|
It got the job done by making the 99% majority of use cases more difficult in order to make the 1% minority simpler. This is a design pattern I think is being repeated in systemd. I kinda had the opposite impression. I first encountered systemd when I started messing around with arch for a couple little vps projects. At the time I was doing sysadmin that involved both Ubuntu and CentOS, and I definitely found day-to-day tasks easier with systemd (better built in monitoring, consistent syntax, etc). For simple cases, writing a unit file sucks a lot less than writing an initscript. The warts in systemd only started to irritate me when I was first setting up my personal machines (one laptop, one tower) to run arch [1]. Even then, the bloat in the design irked me more than actually using it. So, I'm in favor of systemd, but not thrilled (dbus everywhere is annoying). Then again, I don't maintain any packages with strange and/or complex daemons. If anybody's had a really hard time getting their stuff to work with systemd, I'd be interested to hear stories. 1: Not completely true. I want my damn log files back. |
For people who are less experien^H^H^H^H^H^H^H^Hcrusty :-), init scripts look like a horrifying way to manage a startup process, and just about anything -- including Yet Another Config File Format -- looks preferable.
I think this is also why so little progress is being made on resolving conflicts over systemd. There really isn't a whole lot of room for compromise; one group simply wants things to stay more or less the same (or evolve incrementally), the other group simply wants to throw it all out and start over.

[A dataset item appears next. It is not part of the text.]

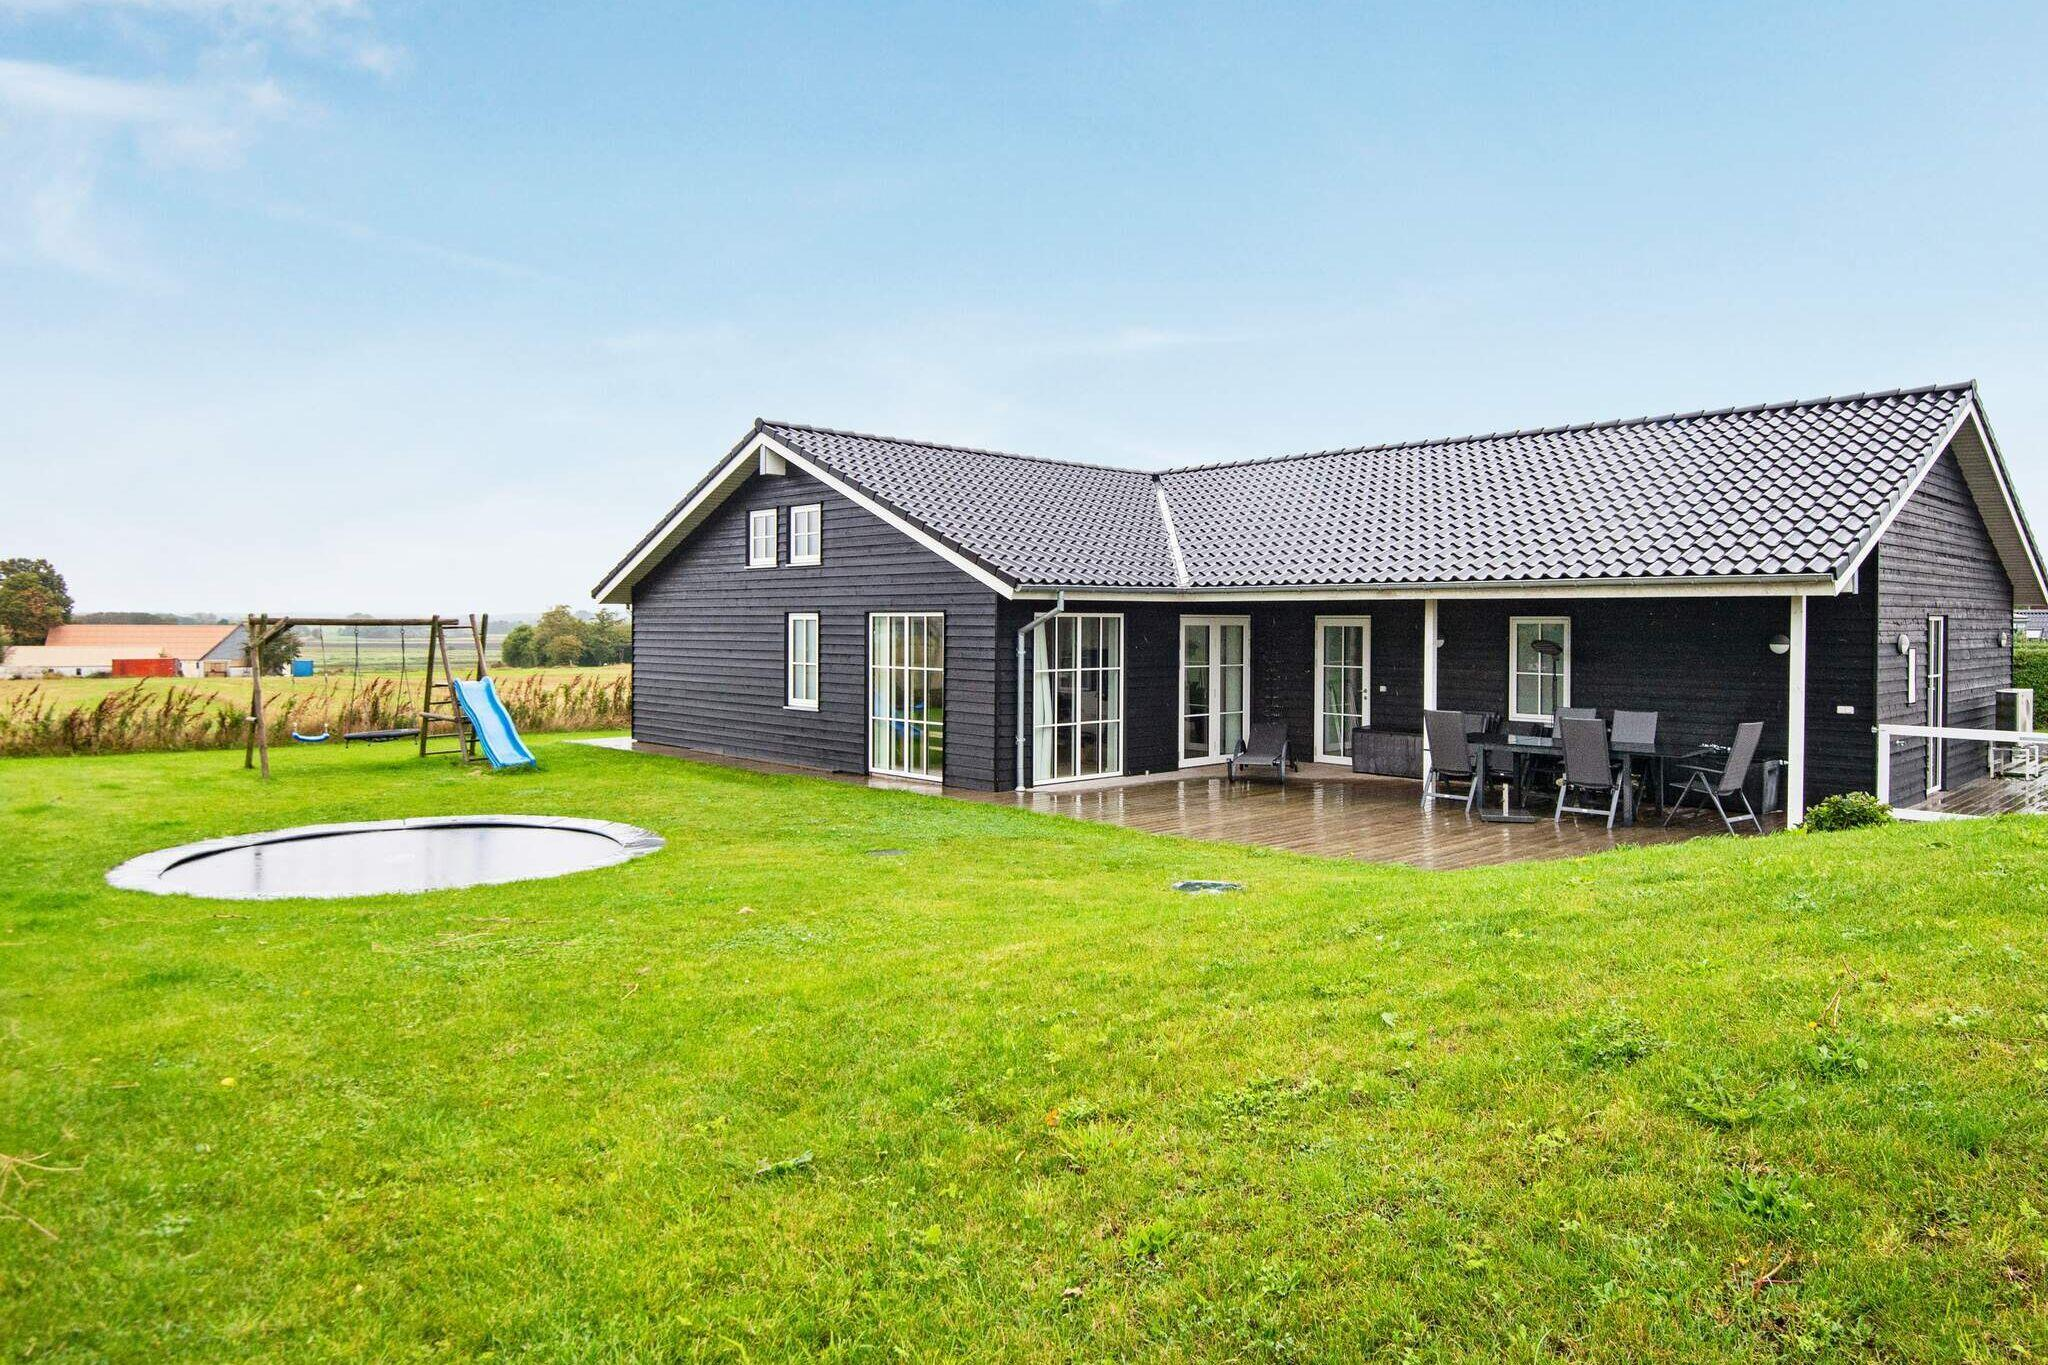 Ferienhaus in Ebeltoft für 12 Personen

I bet there would've been a lot less argument and vitriol about systemd if Debian hadn't made the decision to default to it, basically leaving all the crusty sysadmins homeless. Once Debian switched, there was a near guarantee that all of Linux was going to move to systemd. That suits one group just fine, another one not so much.
On the plus side, the BSDs should be seeing a really nice upswell of installations over the next couple of years, which is great, because they've been quietly building some pretty great operating systems that deserve more love.